Extreme Quantization in Neural Networks

Updated 24 June 2026

Extreme quantization is a neural network technique reducing weights to 1–2 bits, enabling significant compression while preserving near-full-precision performance.
It leverages structured methods like vector, product, and additive quantization to mitigate information loss and prevent feature collapse.
Advanced training strategies, including QAT and maximum entropy coding, ensure efficient deployment on edge devices with tight memory and energy budgets.

Extreme quantization refers to the regime of neural network quantization where parameter and/or activation numeric representations are pushed to their lowest practical bit-widths—typically 1–2 bits per weight (binary/ternary quantization), or equivalently ultra-low-bit vector/matrix codes—as well as the algorithmic, mathematical, and systems innovations that enable equivalent performance to higher-precision models under these severe representational limits. Extreme quantization is motivated by the stringent memory, energy, and inference-speed constraints of deploying large-scale models on edge and resource-constrained environments. Recent advances demonstrate that with carefully constructed training, quantization, and calibration methods, model accuracy and generalization can remain near-full-precision despite 32×–50× compression.
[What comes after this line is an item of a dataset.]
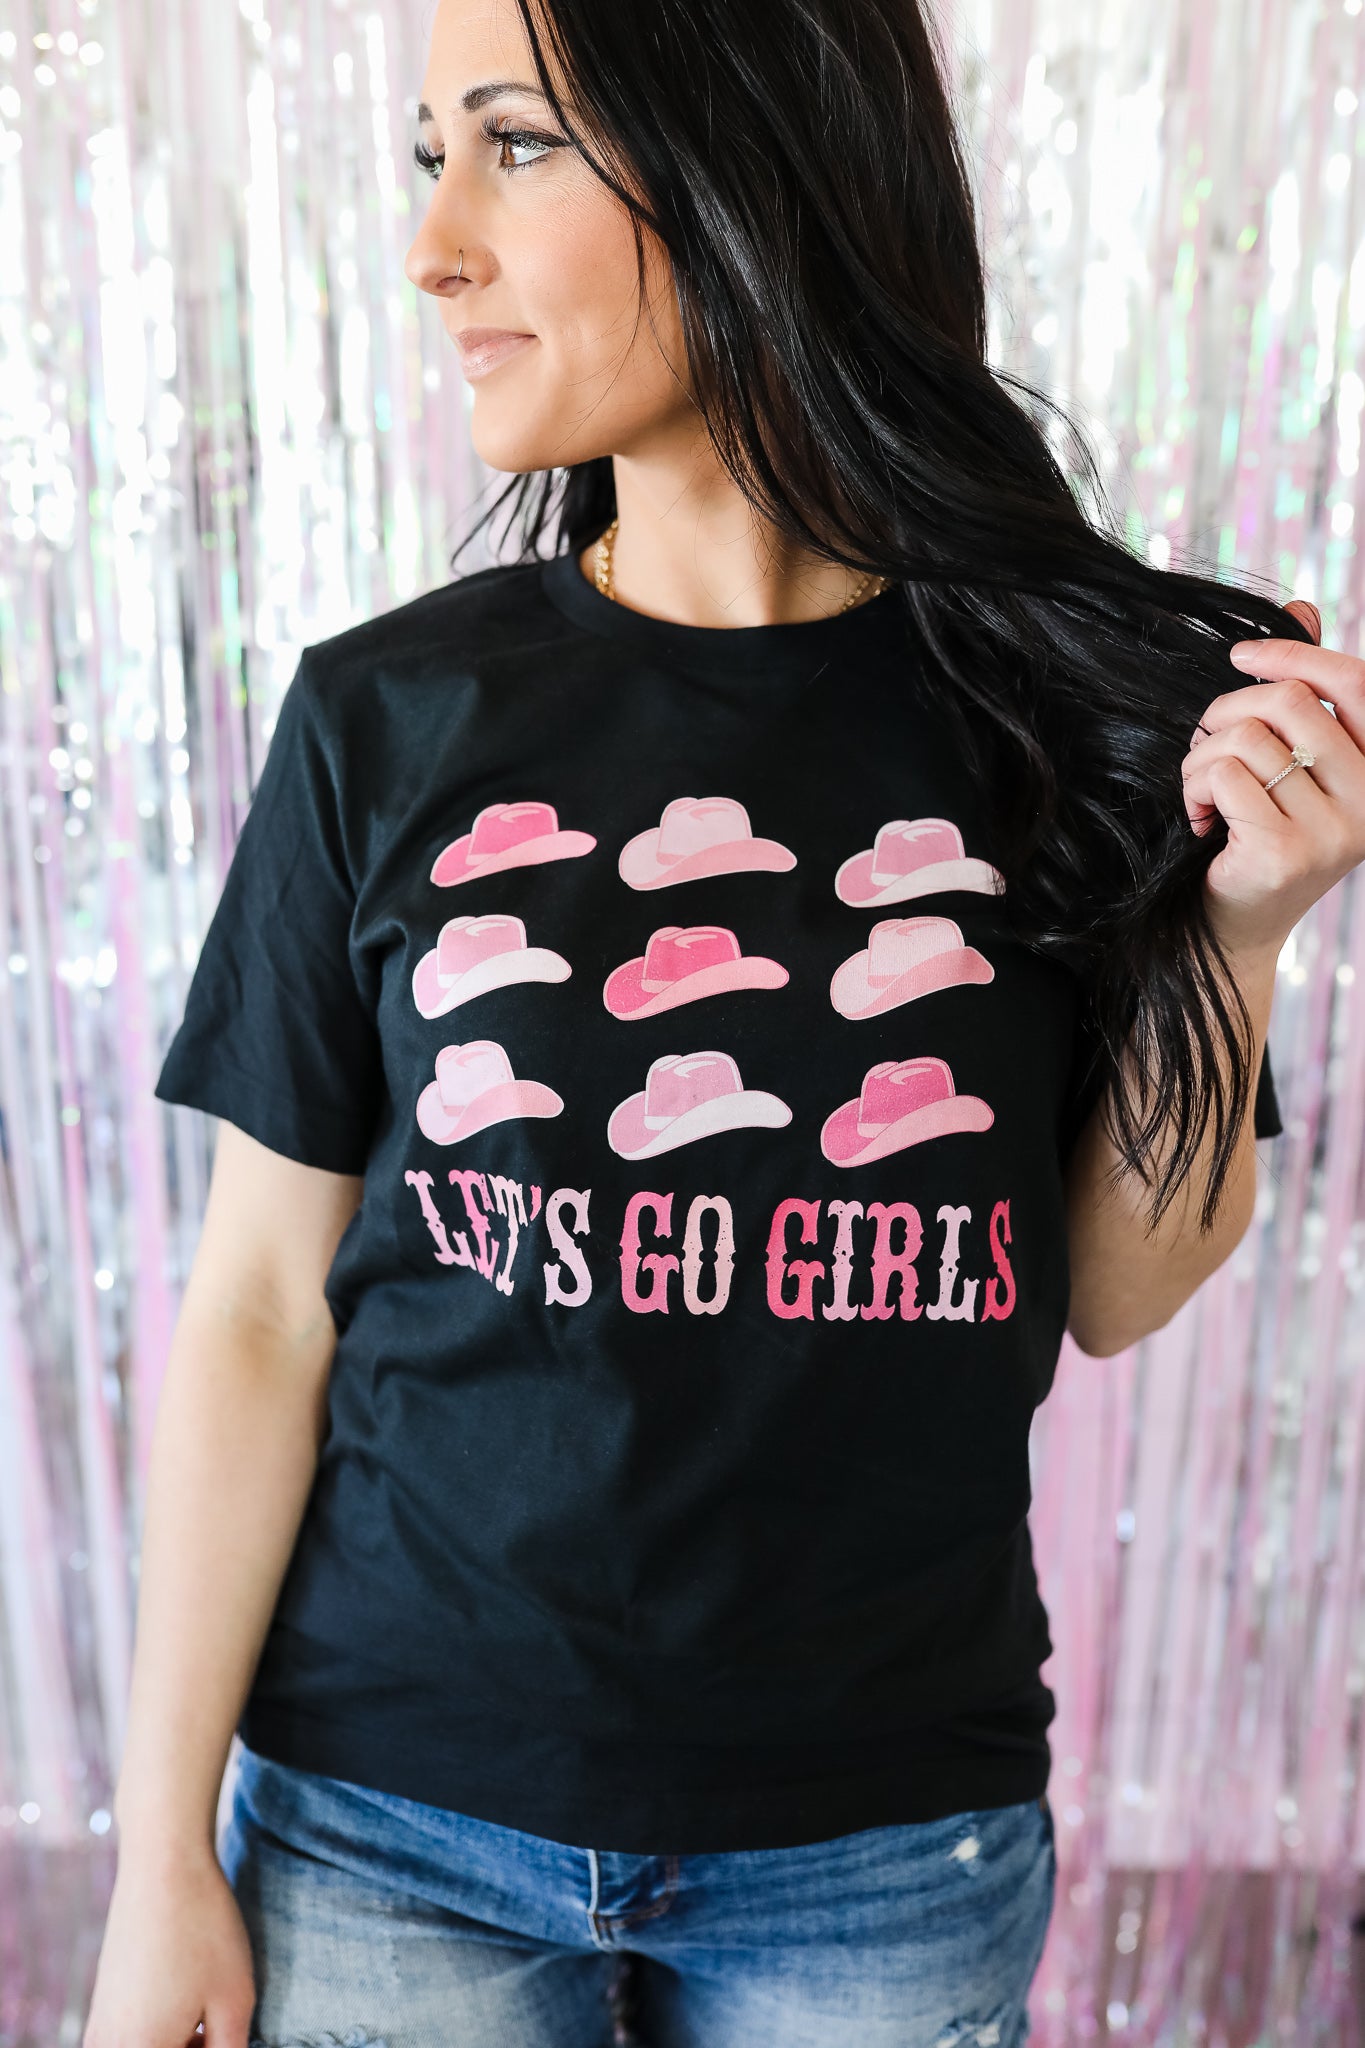 Let's Go Girls Hats Graphic Tee - Black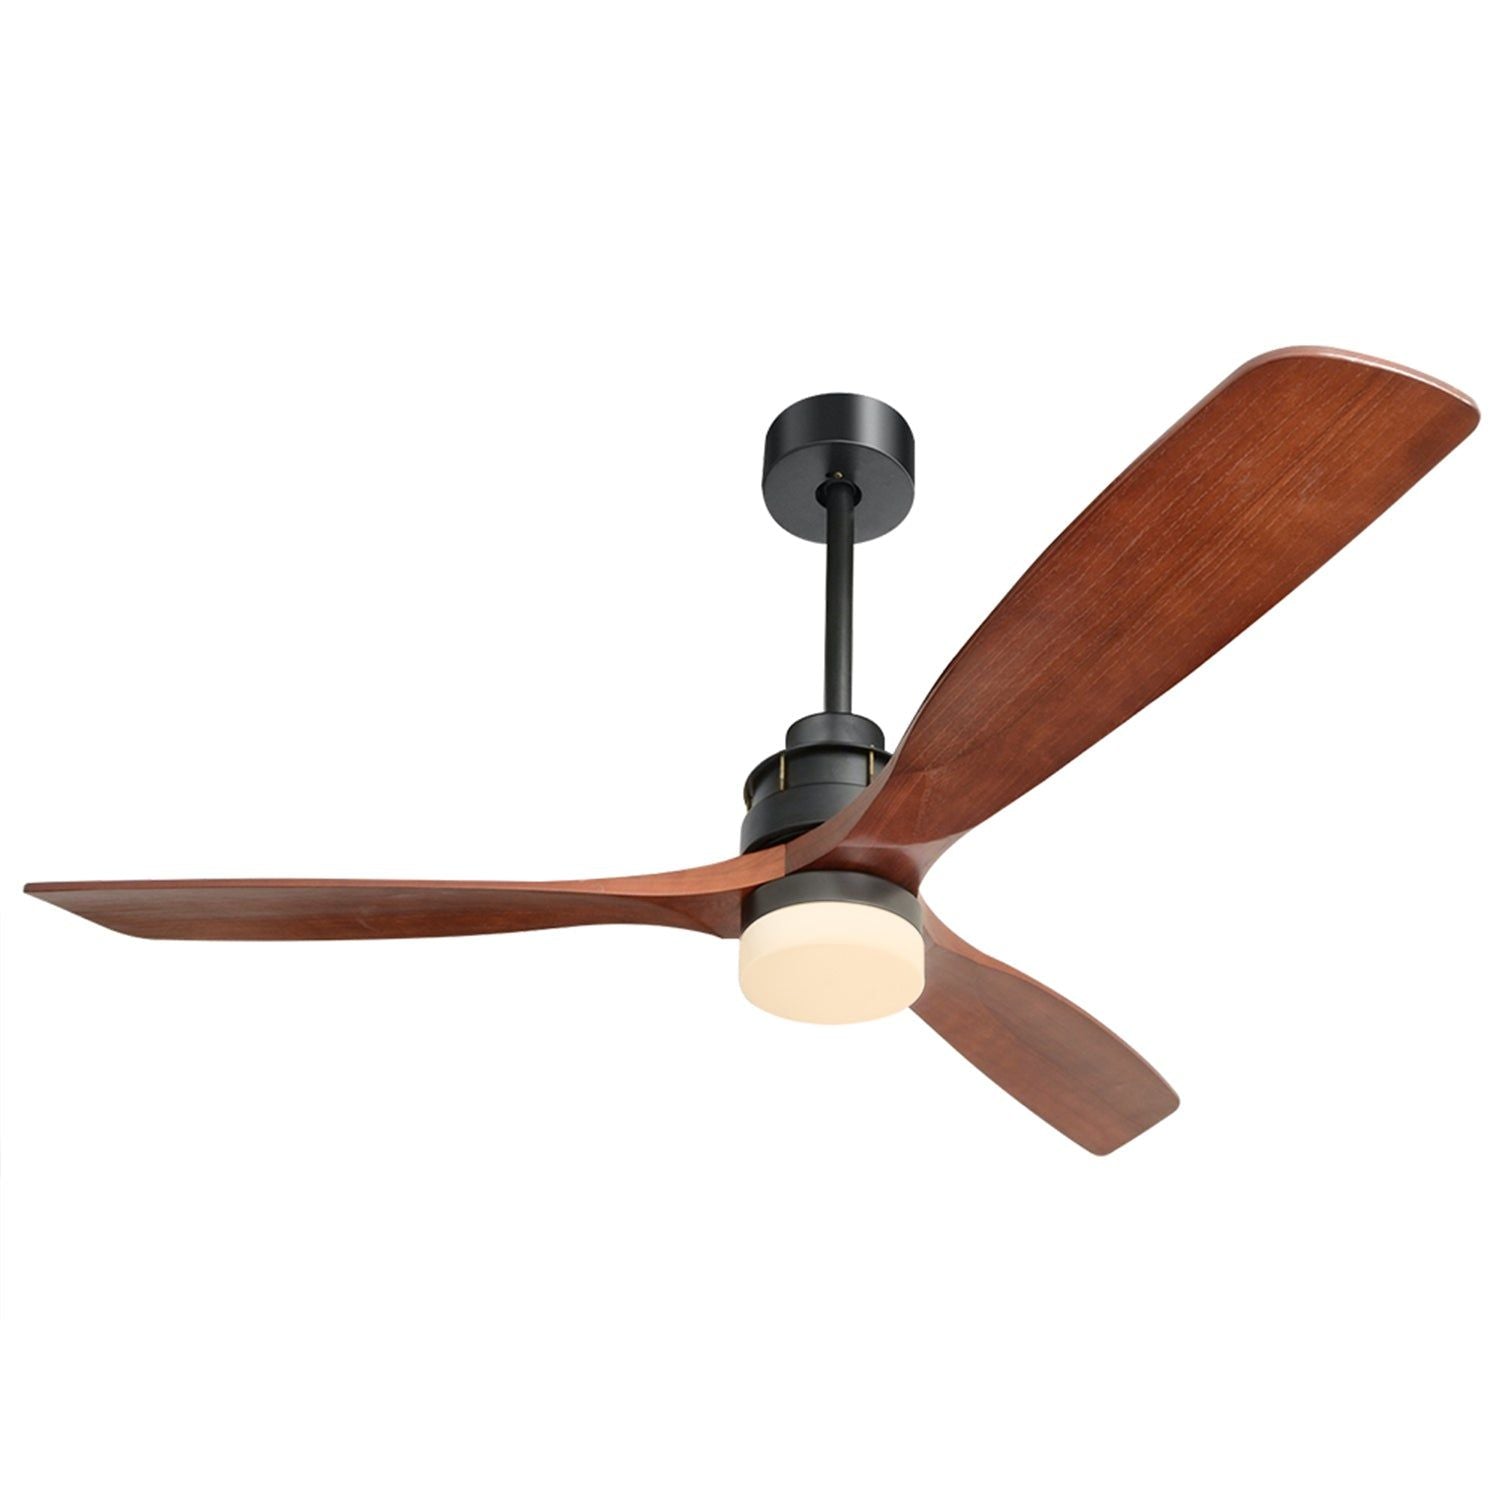 Woody52 Wood Blade Ceiling Fan with LED Light and Remote, 52 Inch, 6-Speed Reversible - Matte Black, Walnut

1. Motivation and Challenges of Extreme Quantization

Extreme quantization is fundamentally motivated by the need to fit powerful neural networks and LLMs onto devices with limited memory, storage, or compute—including mobile CPUs, microcontrollers, and dedicated accelerators. While int8 quantization (8 bits per parameter) is broadly deployed in mainstream deep learning systems, pushing to 4 bits or below introduces a new set of technical bottlenecks, such as information loss per channel, feature and rank collapse, and quantization-induced outliers. At 1–2 bits per parameter, naive scalar quantization leads to catastrophic accuracy degradation, necessitating advanced representational, training, and search methods to preserve performance.

Key empirical observations driving this regime include:

Standard training and post-training quantization fail dramatically below 4 bits due to rank collapse, low entropy in activation representations, or loss of fine-grained weight information (Pang et al., 19 Sep 2025, Egiazarian et al., 2024, Xu et al., 2024).
Structured quantization (product, vector, or additive) or codebook-based schemes are required to maintain model capacity and expressive power at such low bit budgets (Xu et al., 2024, Egiazarian et al., 2024, Shao et al., 2024).
The optimization geometry of quantized-model spaces becomes highly fragmented, causing many local optima and making codebook initialization critical (Kennedy et al., 9 Apr 2026).

2. Scalar, Binary, and Ternary Quantization: Formulations and Implementations

In the scalar domain, extreme quantization operates using the textbook 1-bit (binary) and ternary quantizers, often with per-layer or per-channel scaling factors. For a weight vector $w \in \mathbb{R}^n$ , the most common schemes are:

Binary (1-bit) quantization:

$q_{\mathrm{bin}}(w_i) = \alpha\,\mathrm{sign}(w_i),\quad \alpha = \frac{1}{n}\sum_j |w_j|$

Ternary (approx. 1.58 bits):

$q_{\mathrm{tern}}(w_i) = \begin{cases} +\alpha & w_i > +\Delta \ 0 & |w_i| \leq \Delta \ -\alpha & w_i < -\Delta \end{cases}$

With $\Delta=t\,\alpha$ , per-layer, where $t$ is a threshold parameter.

Activations are often quantized to 8 bits, using symmetric uniform quantizers (Wu et al., 2022).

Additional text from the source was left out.